Content starts
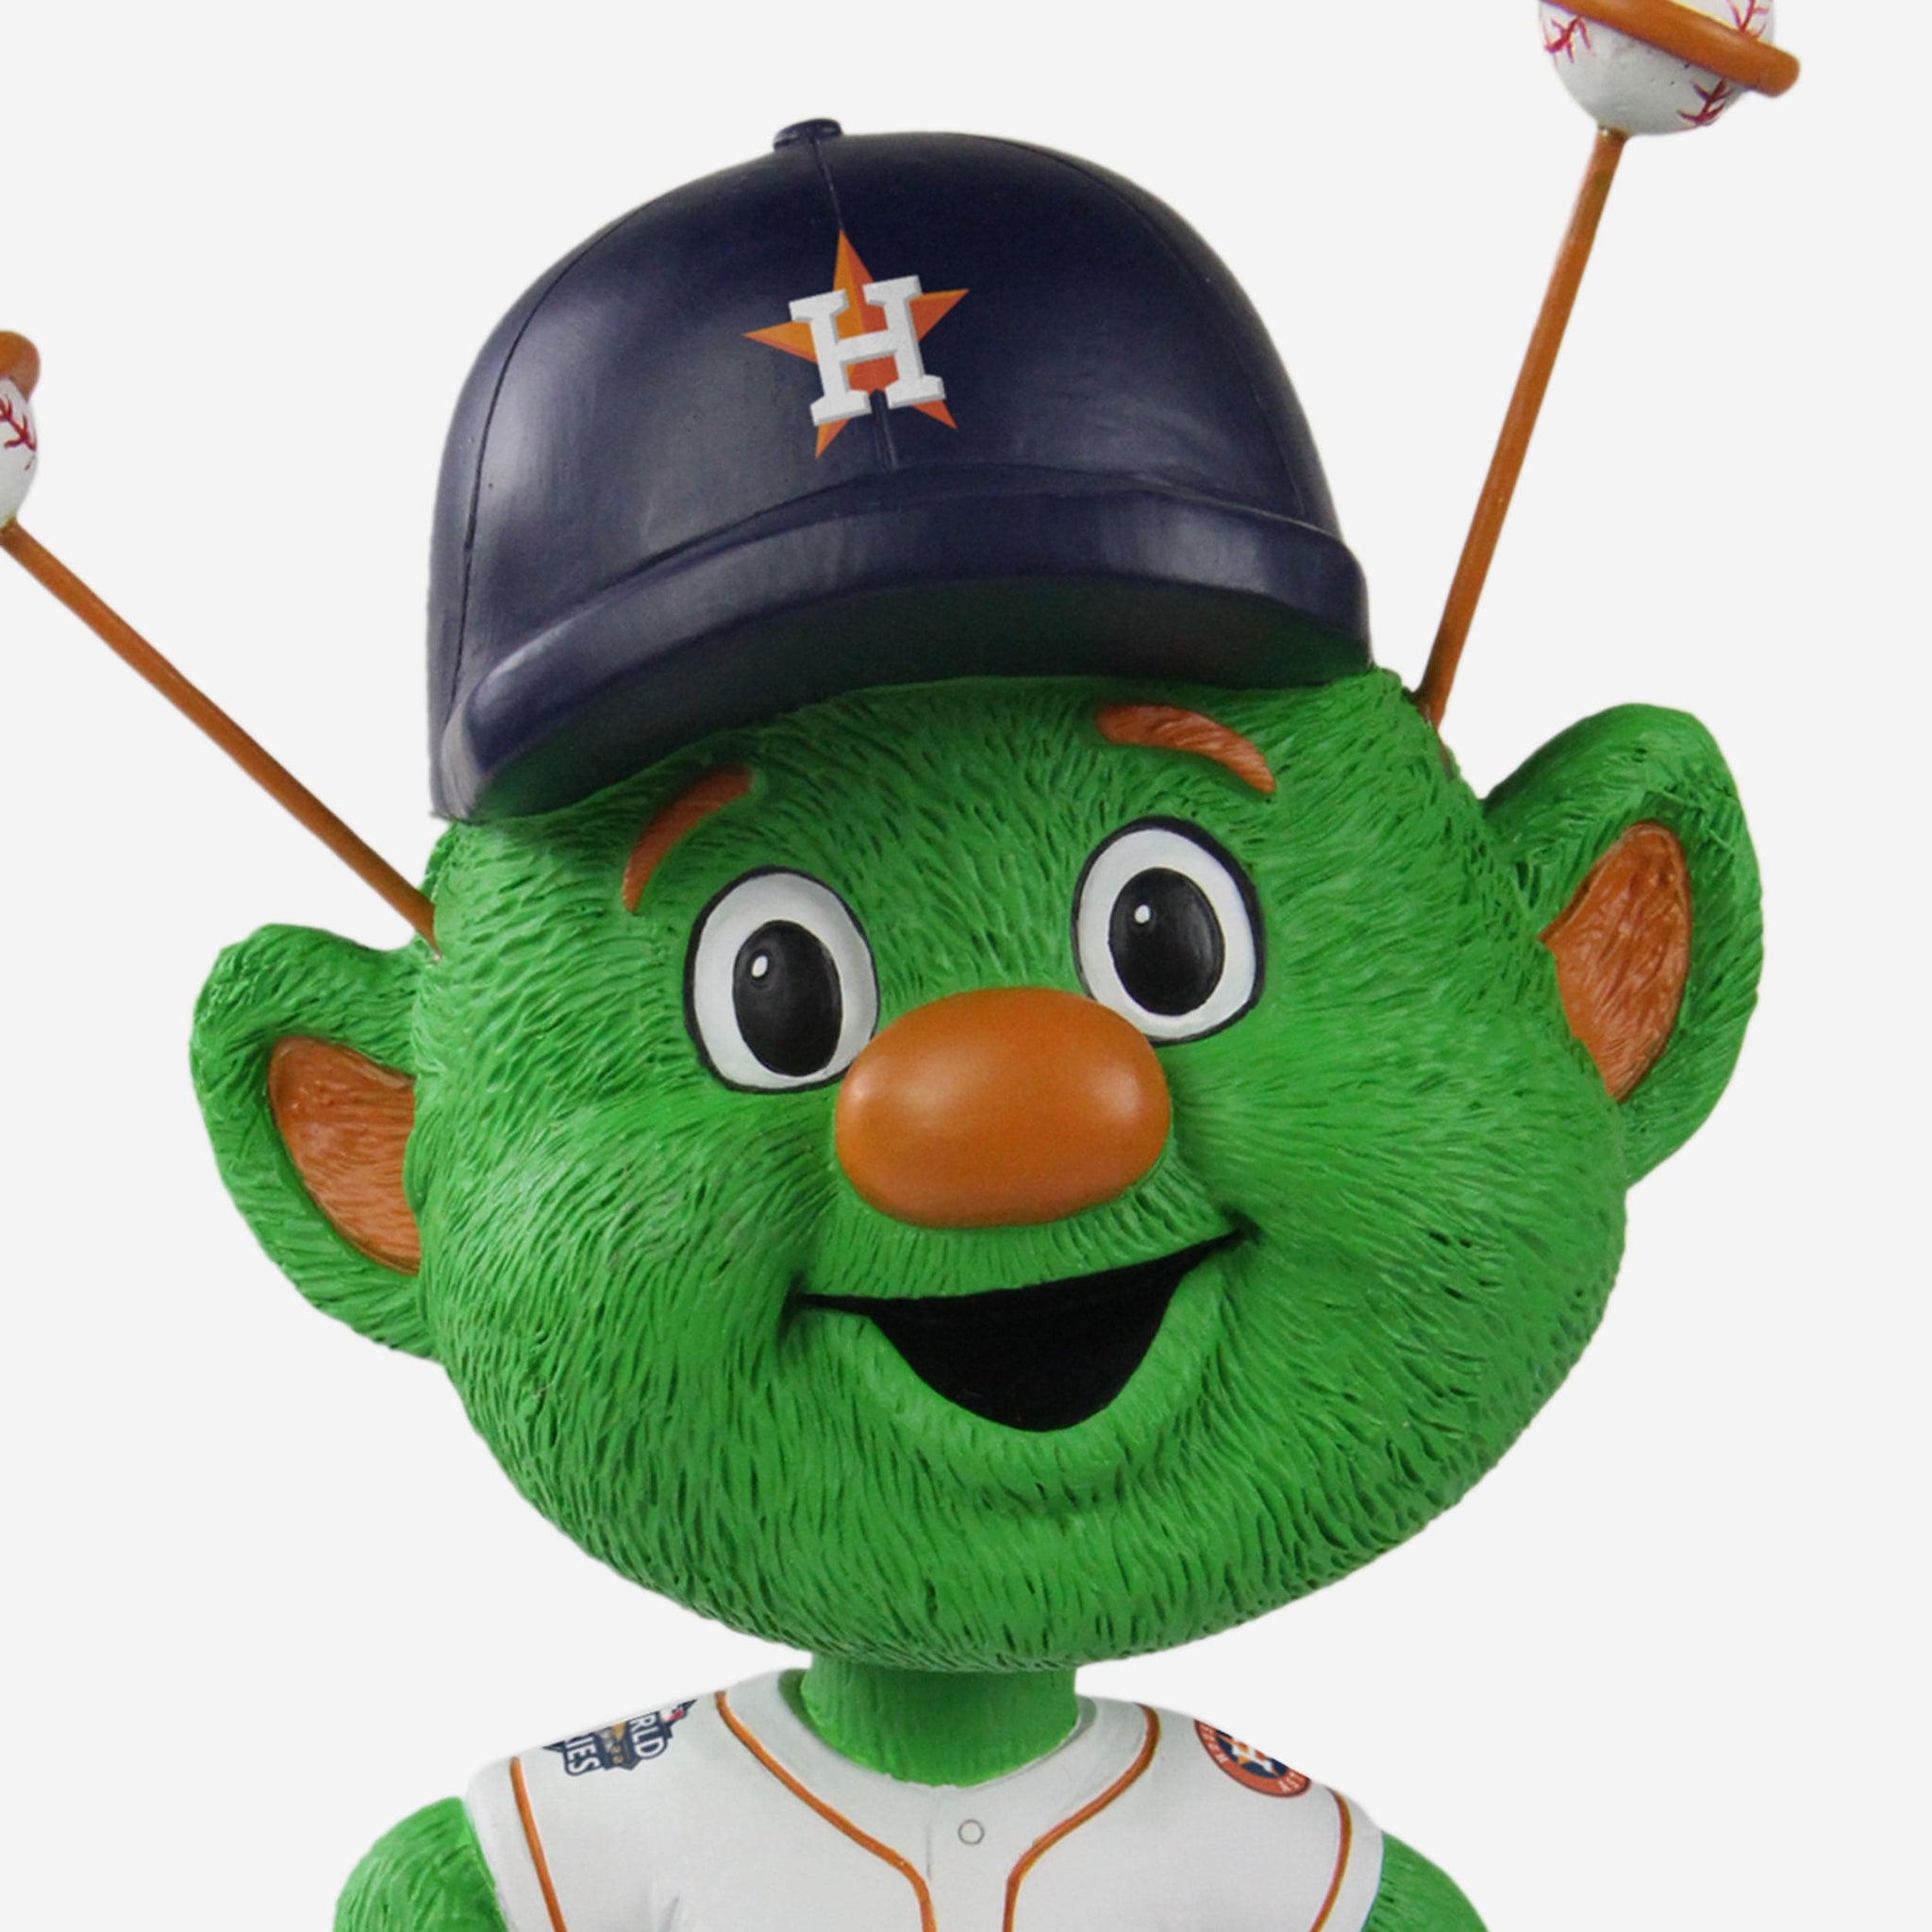 Houston Astros Mascot Orbit  Astros, Houston astros, Astros baseball
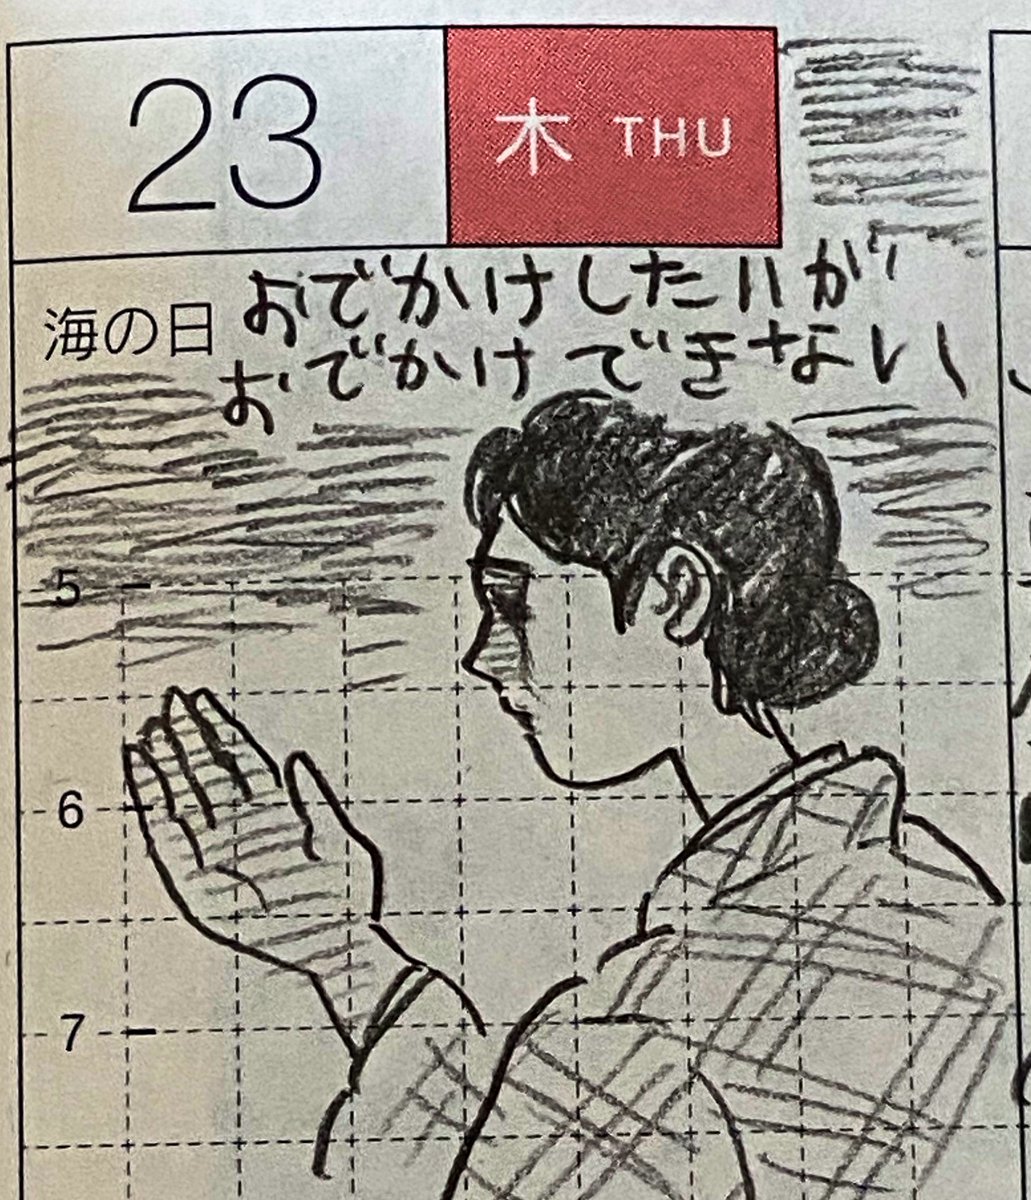 7月第4週の一コマ絵日記2/1
滋賀でまた新たなクラスターが発生した週だった
#一コマ絵日記
#ほぼ日 
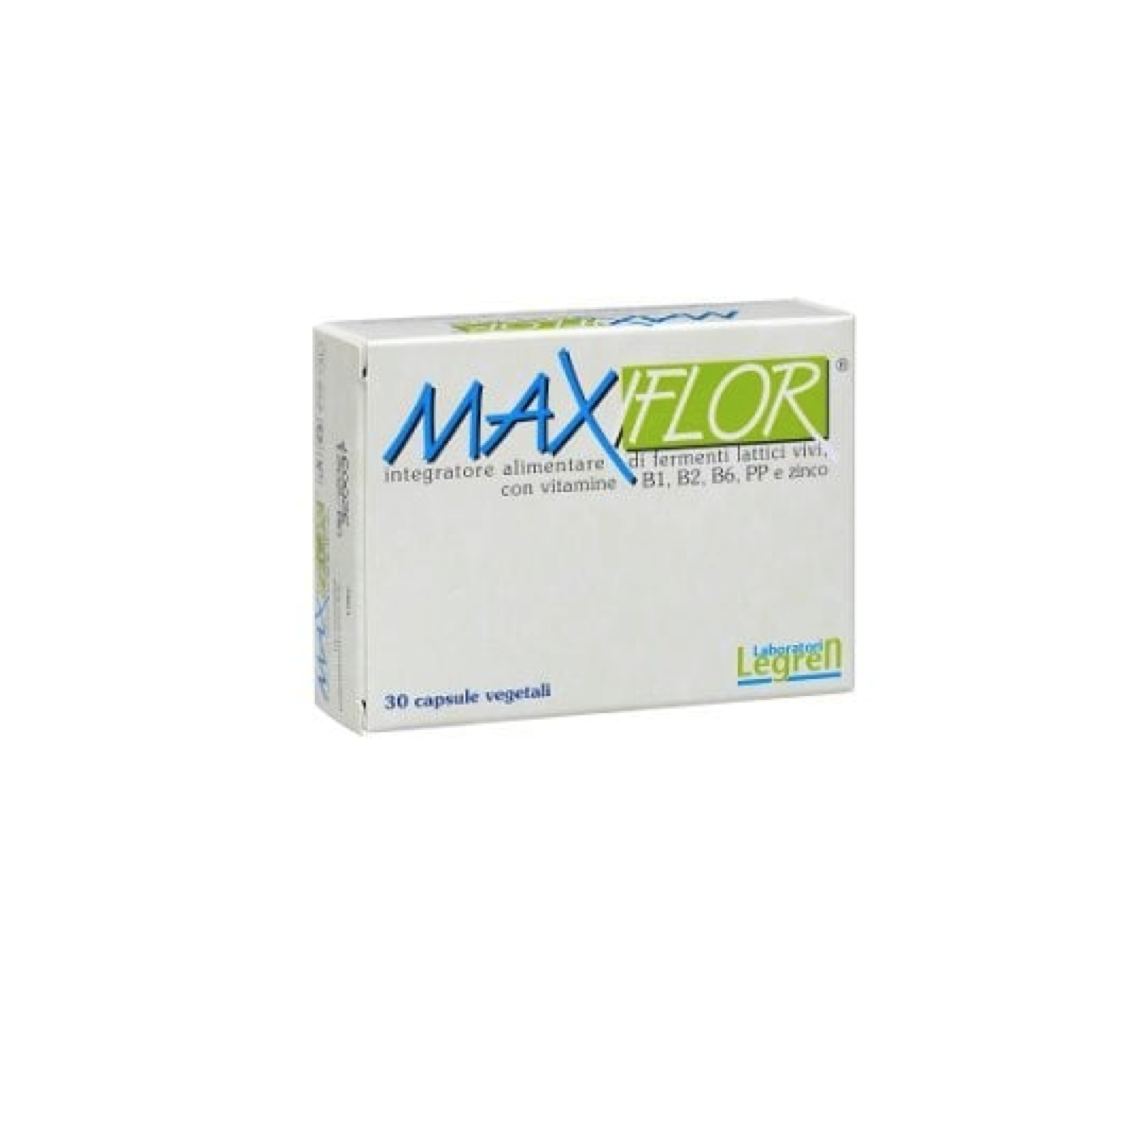 Maxiflor capsule integratore alimentare alto dosaggio di fermenti lattici vivi
Content ends
● Task requirements: All of the records should be output exactly as they stand, with pictures omitted.

● Written reply:
 Houston Astros Mascot Orbit  Astros, Houston astros, Astros baseball
 7月第4週の一コマ絵日記2/1
滋賀でまた新たなクラスターが発生した週だった
#一コマ絵日記
#ほぼ日 
 Maxiflor capsule integratore alimentare alto dosaggio di fermenti lattici vivi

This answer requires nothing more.